_What you have to do_:
Would you transcribe the entries below, beginning at the line with "Statuspage API key and ID" and ending after the line with "Nissan Qashqai 2017", exactly, with no picture and nothing more?

_Supplied records_:
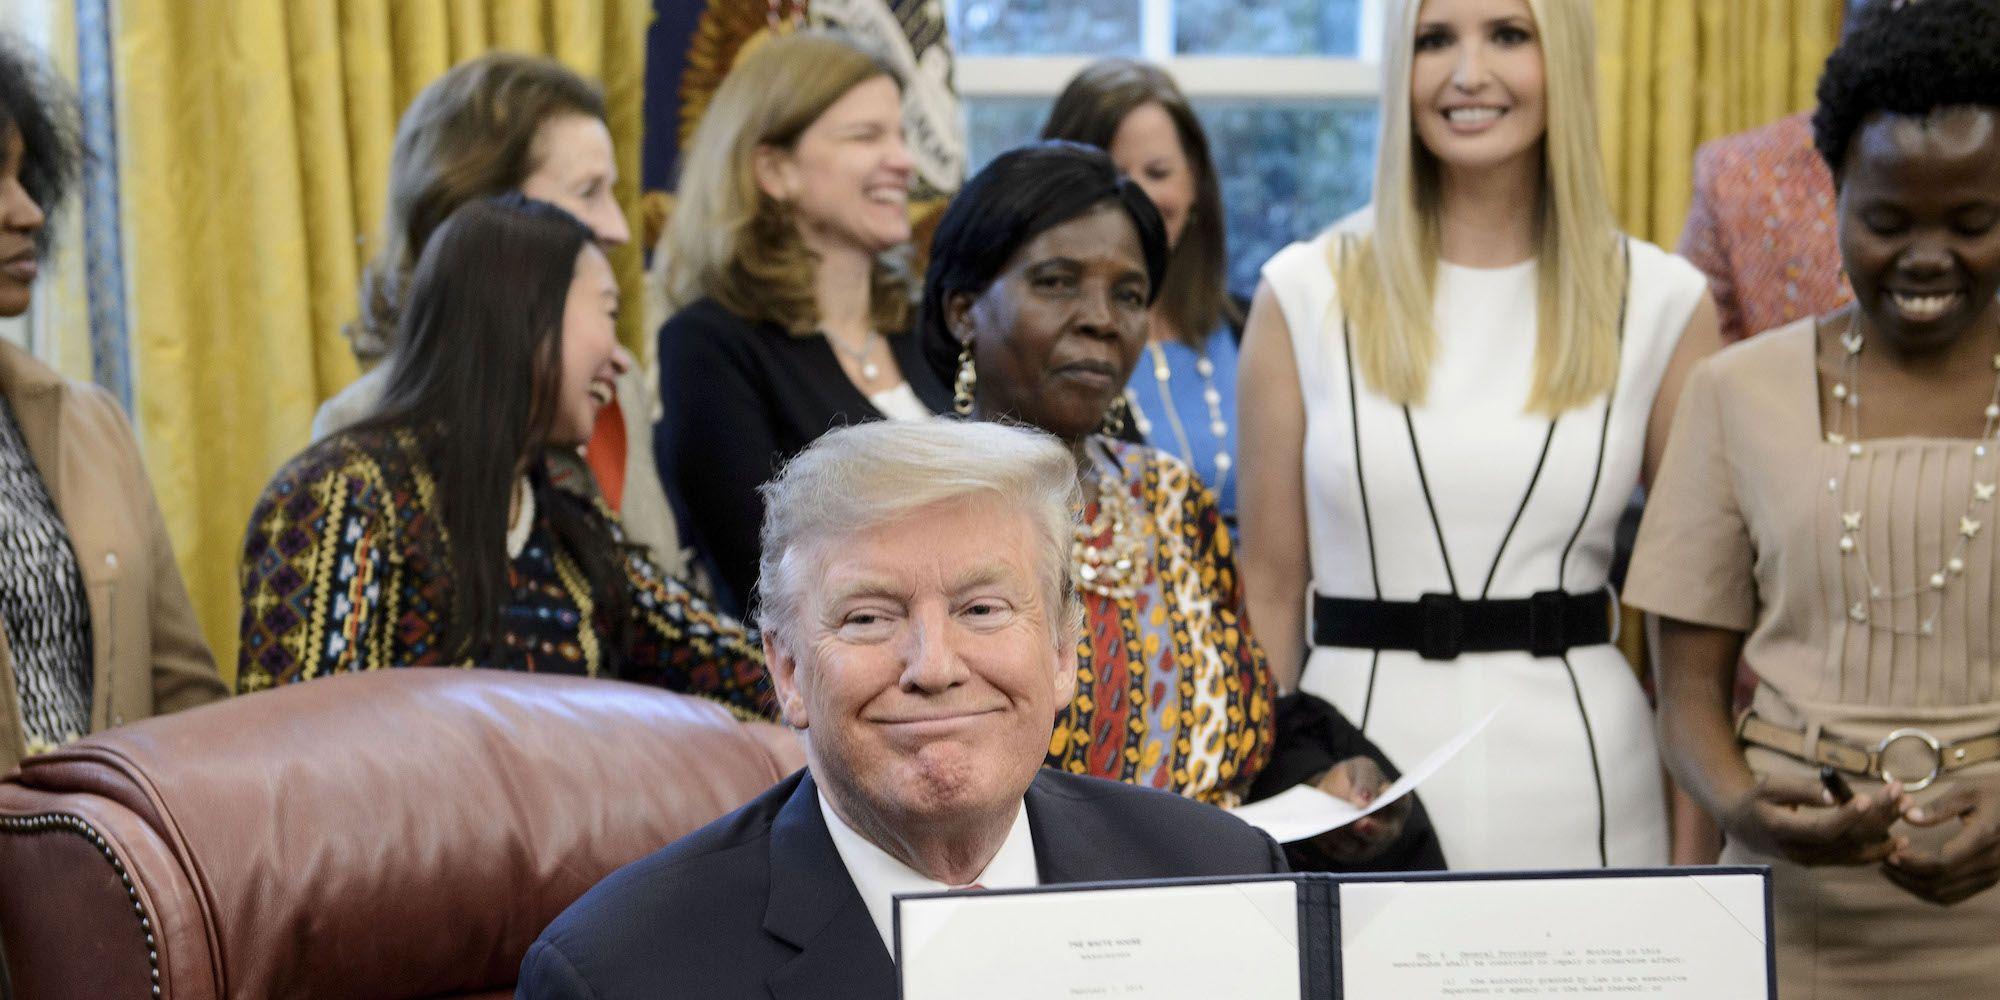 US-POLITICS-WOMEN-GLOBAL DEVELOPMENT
...
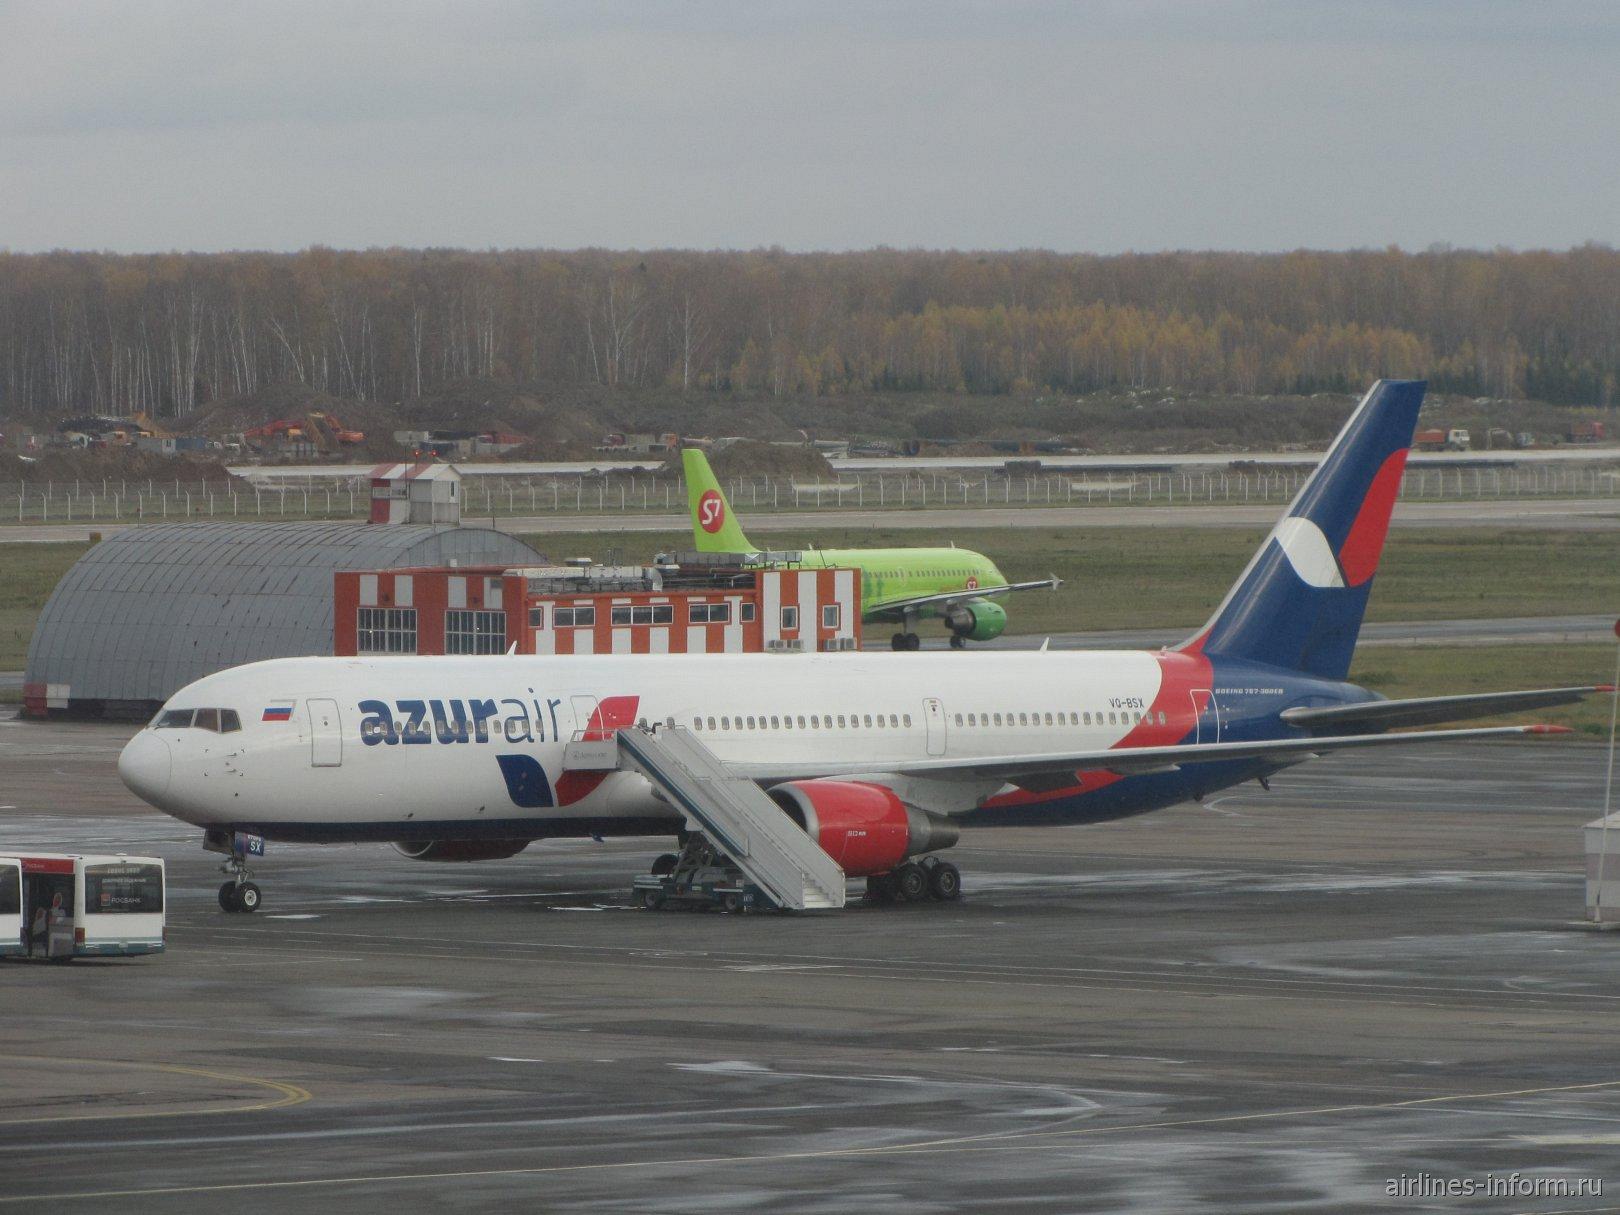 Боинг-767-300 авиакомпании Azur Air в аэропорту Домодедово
---
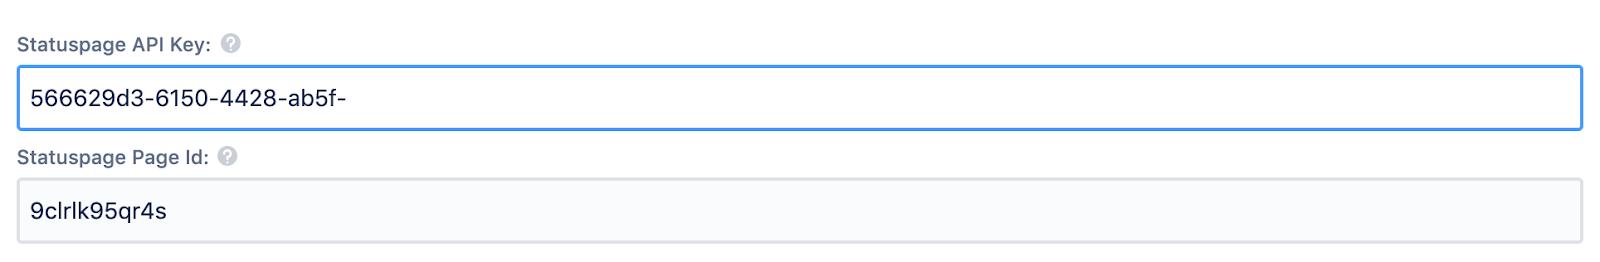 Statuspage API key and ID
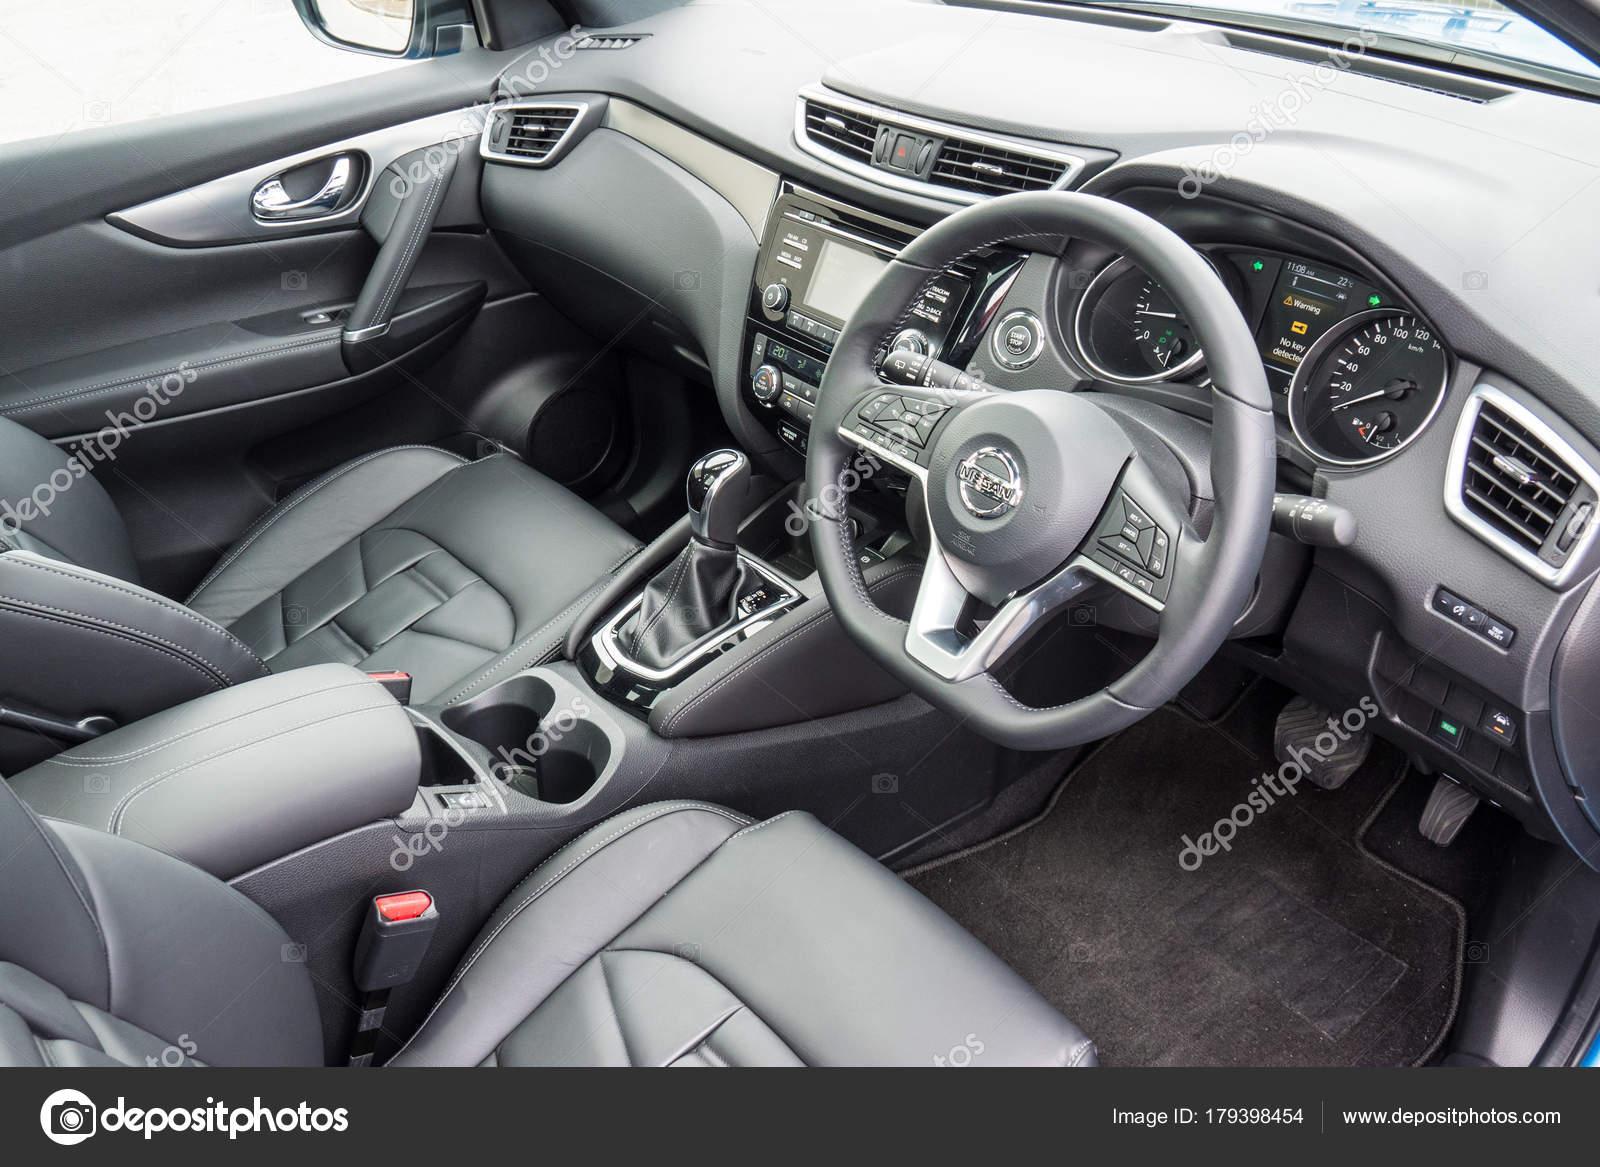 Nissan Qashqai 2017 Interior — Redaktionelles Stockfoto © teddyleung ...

_Answer_:
 Statuspage API key and ID
 Nissan Qashqai 2017 Interior — Redaktionelles Stockfoto © teddyleung ...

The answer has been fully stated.